● **What the exercise asks**:
Would you restate the full listing word for word and omit its pictures?

Material provided below:

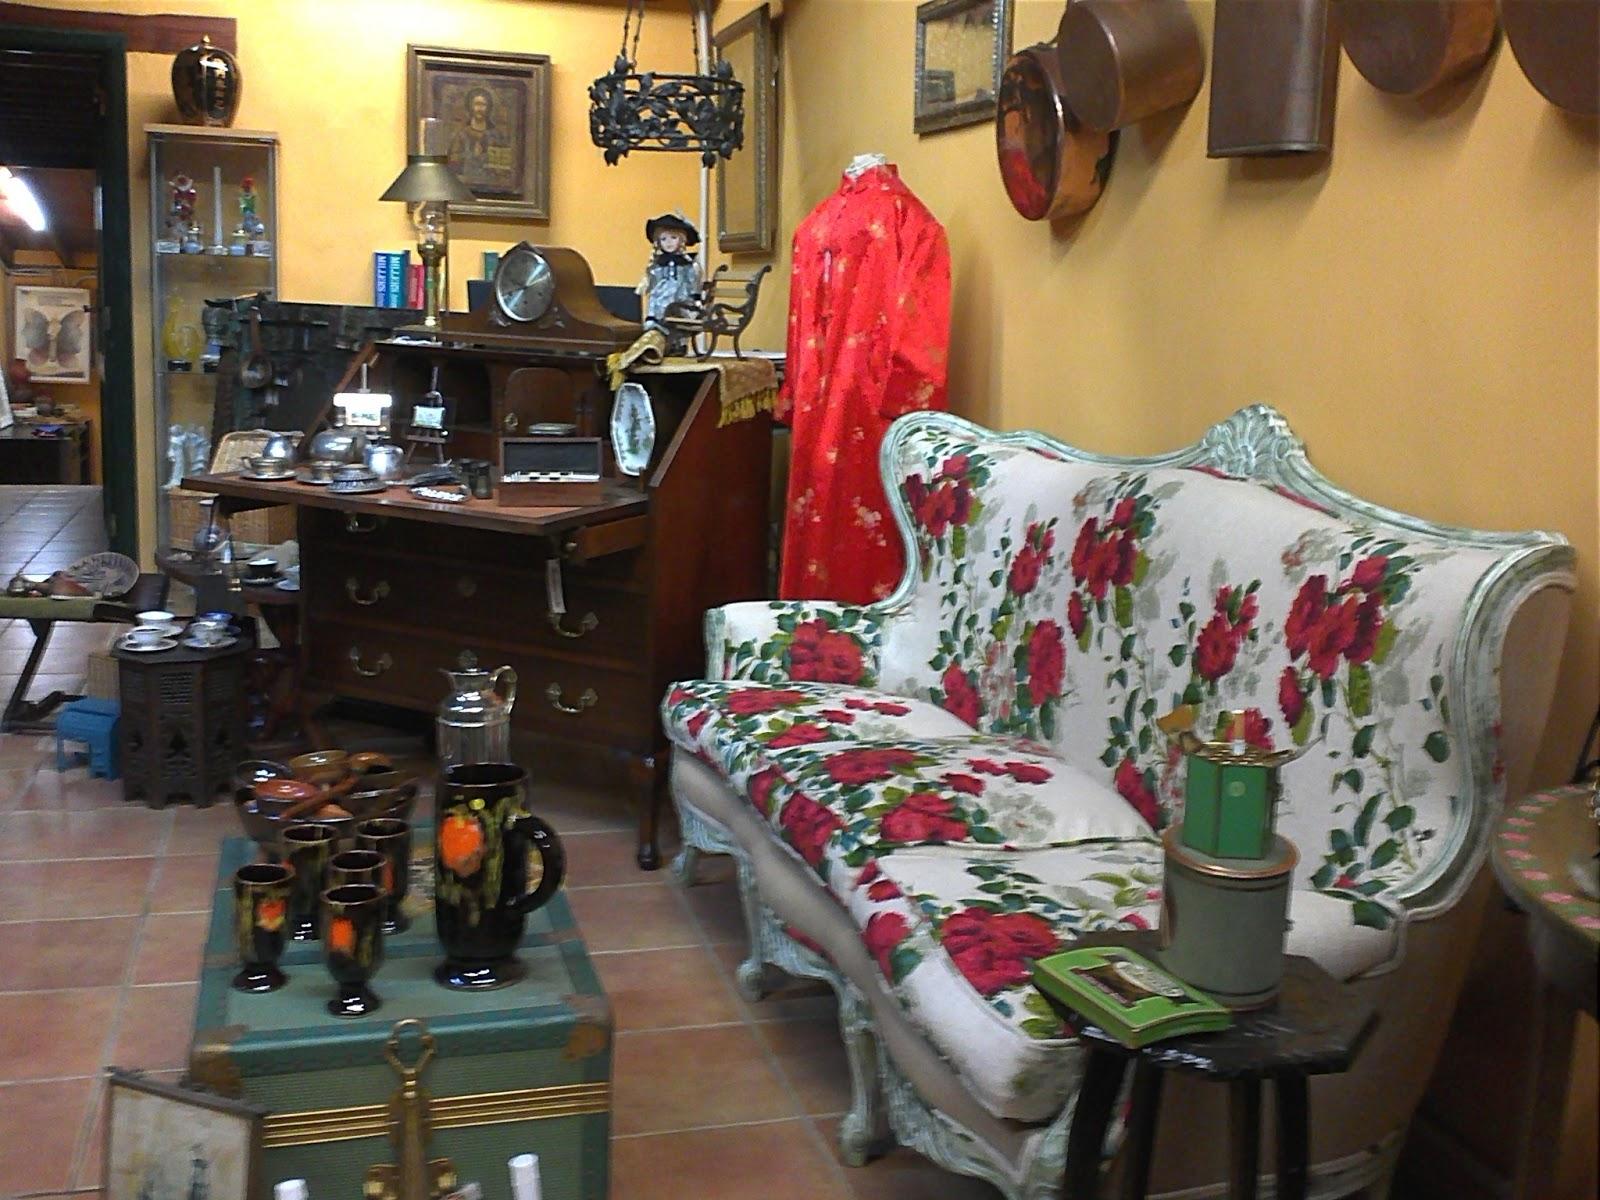 Muebles Tacoronte - Restaurata Taller De Restauraci N Espacio Restaurata[mjhdah]https://www.alquilotucasa.com/imagecache/original/fotos/2685/5396253/3-4.jpg
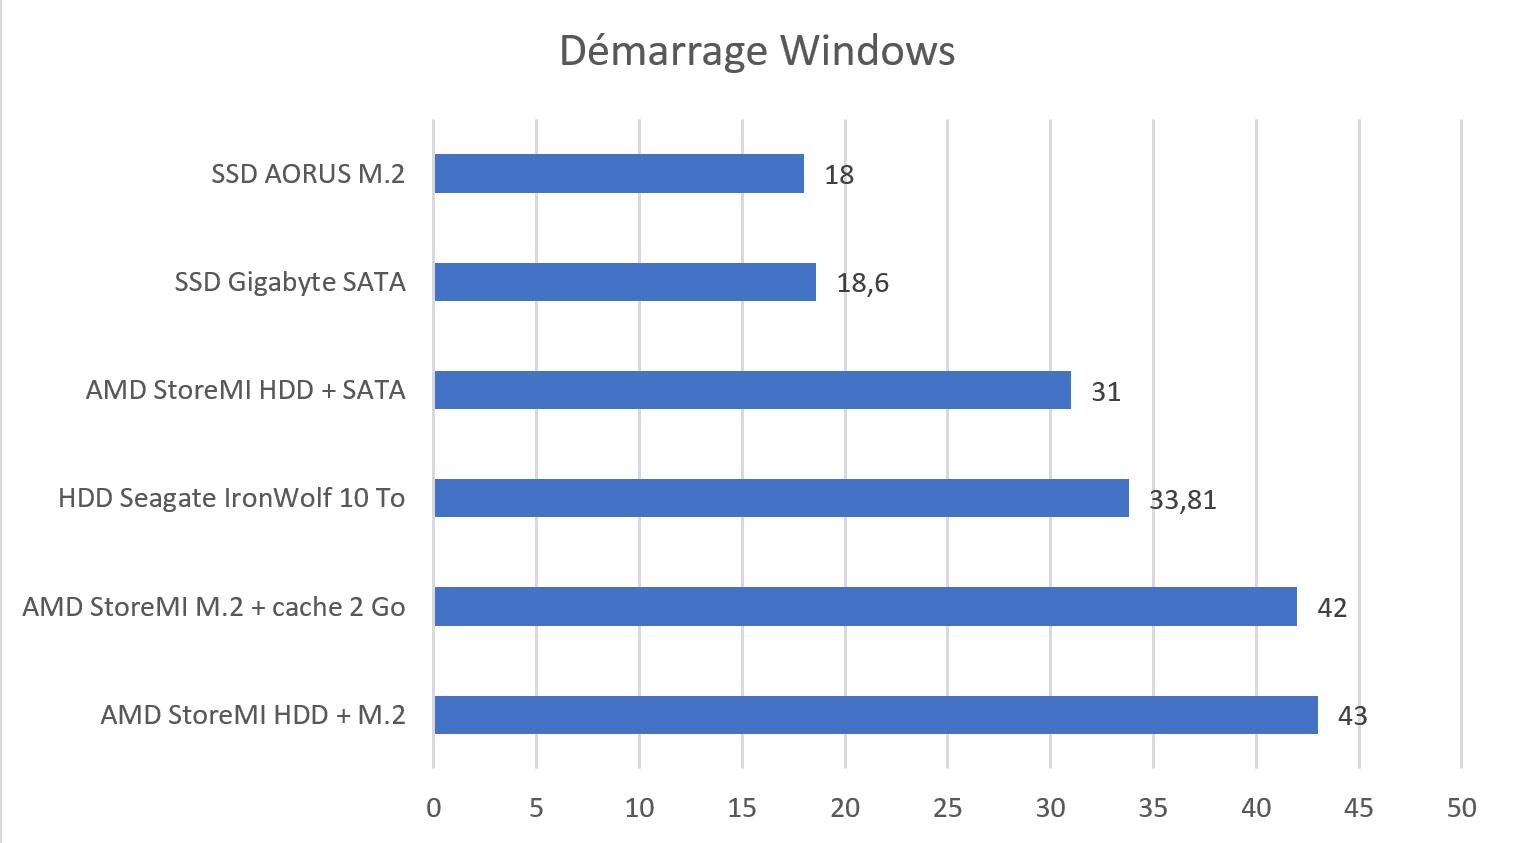 Test AMD StoreMI démarrage windows
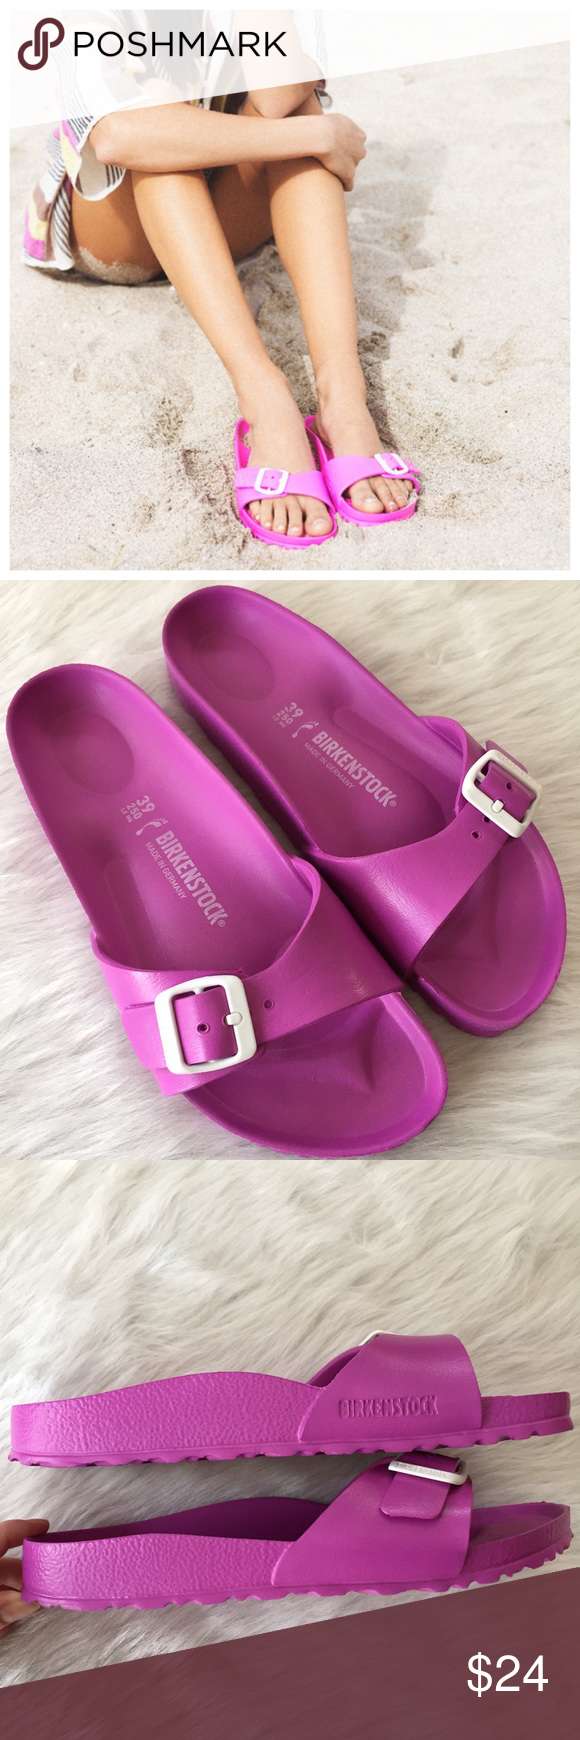 94079392409 Birkenstock Madrid Eva pink sandals Adorable pink Birks in like new  condition! Sz 39

End of Material provided.

● **Written reply**:
 Muebles Tacoronte - Restaurata Taller De Restauraci N Espacio Restaurata[mjhdah]https://www.alquilotucasa.com/imagecache/original/fotos/2685/5396253/3-4.jpg
 Test AMD StoreMI démarrage windows
 94079392409 Birkenstock Madrid Eva pink sandals Adorable pink Birks in like new  condition! Sz 39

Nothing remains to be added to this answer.